I'm so excited for this game. can't wait to have it :3


----------



## Bossblitz (Jun 15, 2017)

That song is sooooo catchy oh my gosh! I can't stop listening! all the new concepts they revealed look fantastic, and the return of Pauline!? Heck yes!


----------



## Franny (Jun 16, 2017)

I can NOT stop listening to the song. It's so catchy. I'll definitely be getting the game, too


----------



## lars708 (Jun 16, 2017)

Spy said:


> I can NOT stop listening to the song. It's so catchy. I'll definitely be getting the game, too



Same it's so good and the lyrics are nice toooo

This game was good already with the initial trailer but it has so much more depth than we all could imagine AND I LOVE ITTT
Finally a real Mario game after all those years *sheds a tear*


----------



## Peter (Jun 16, 2017)

Looove that Odyssey is going back to 64/Sunshine sandbox-style gameplay, really excited for it so far!


----------



## xSuperMario64x (Jun 17, 2017)

Peter said:


> Looove that Odyssey is going back to 64/Sunshine sandbox-style gameplay, really excited for it so far!



Yes! Totally agreed!


----------



## xSuperMario64x (Jul 1, 2017)

_So nobody wants to talk about the greatest Switch game ever devised?? _

What's wrong with yall xDDD


----------



## Dim (Jul 1, 2017)

Maybe when it's out


----------



## Thomas. (Jul 1, 2017)

Can't get enough of Bowser and Peach moments, build them a hut to live in so Mario can pinpoint them down easily. Not sure what the Moon is about but I wonder when Mario will go there again. I'd have a pet Goomba if I could find one and it wanted me. The attachment of items for characters in the game are cute.


----------



## xSuperMario64x (Jul 3, 2017)

I still can't get over how cute that lil hat is ;w;


----------



## xSuperMario64x (Jul 25, 2017)

Does anybody know when this game will be available for pre-order in the different regions?
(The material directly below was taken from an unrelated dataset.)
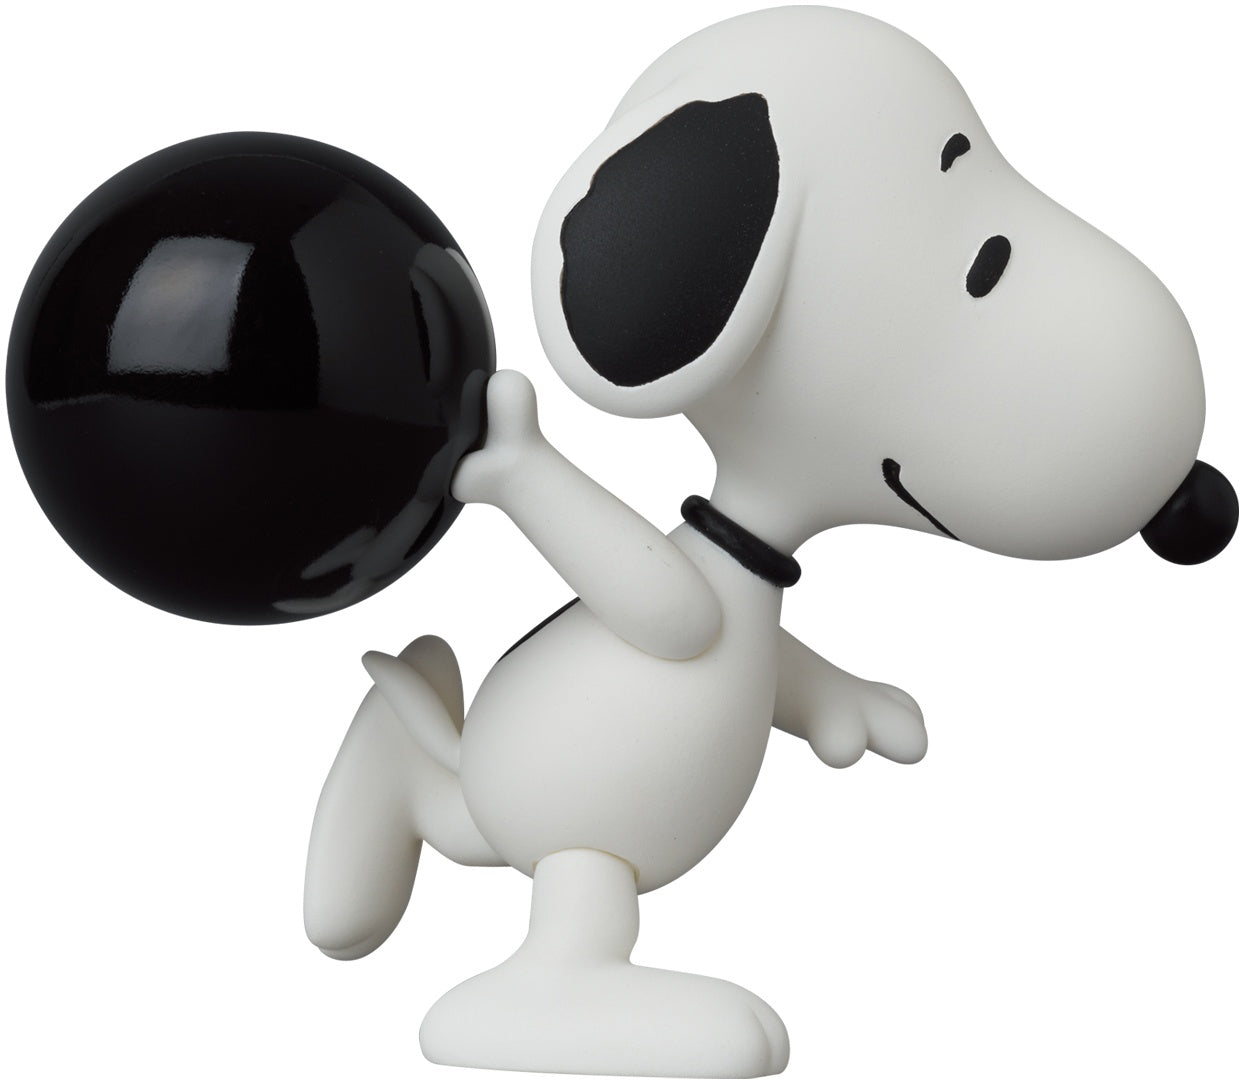 Medicom - Ultra Detail Figure No. 721 - Bowler Snoopy - Marvelous Toys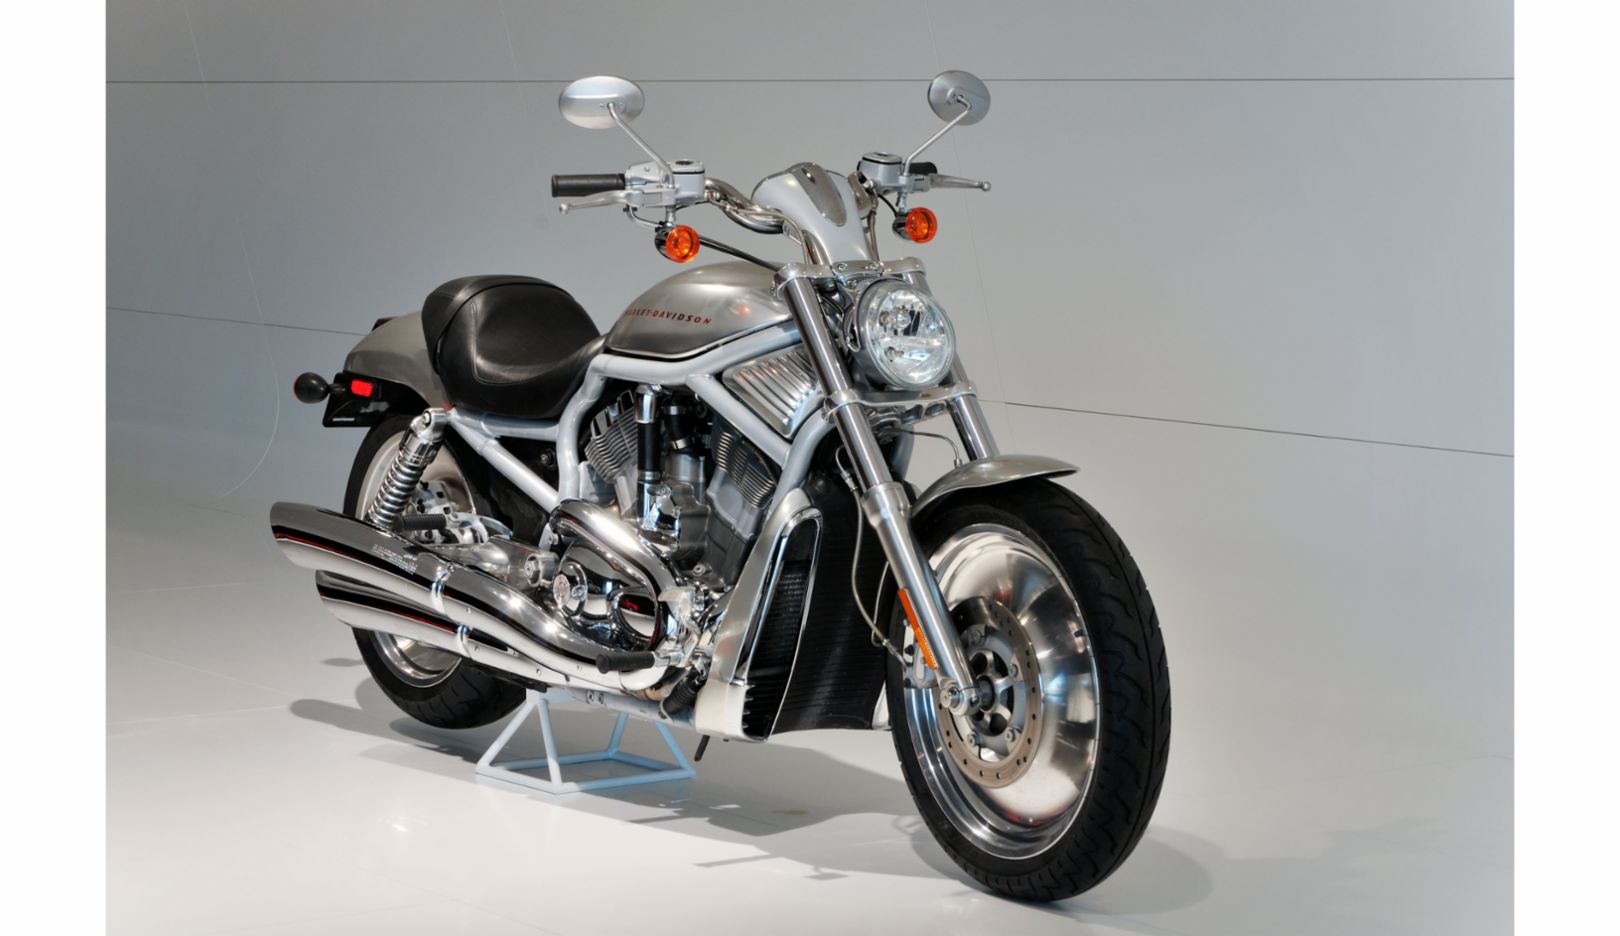 2001 – a revolutionary engine for Harley-Davidson:

Cause I'm gonna be the first to pre-order it at my Gamestop I tell ya hwut


----------



## xSuperMario64x (Sep 11, 2017)

Bumping this thread cause the Nintendo Direct of 9/13/17 is announcing some new stuff for SMO!


----------



## lars708 (Sep 15, 2017)

O m g so hyped for this game, it's almost here too! I think there's 10 kingdoms that we currently know of which is honestly more than I initially expected to be in the game. I'M SO GLAD THAT THIS GAME HAS SUCH A LOT OF CONTENT! This could potentially be my new favorite Mario game


----------



## Mars Adept (Sep 15, 2017)

This game seems to be very big in terms of... nearly everything! Worlds, costumes, secrets, and apparently there might even be over 500 moons to collect! This game will definitely keep me busy while I wait for Kirby: Star Allies to release.


----------



## xSuperMario64x (Sep 15, 2017)

lars708 said:


> O m g so hyped for this game, it's almost here too! I think there's 10 kingdoms that we currently know of which is honestly more than I initially expected to be in the game. I'M SO GLAD THAT THIS GAME HAS SUCH A LOT OF CONTENT! This could potentially be my new favorite Mario game



Personally I don't think any game could take SM64s place, but this one could easily take 2nd. 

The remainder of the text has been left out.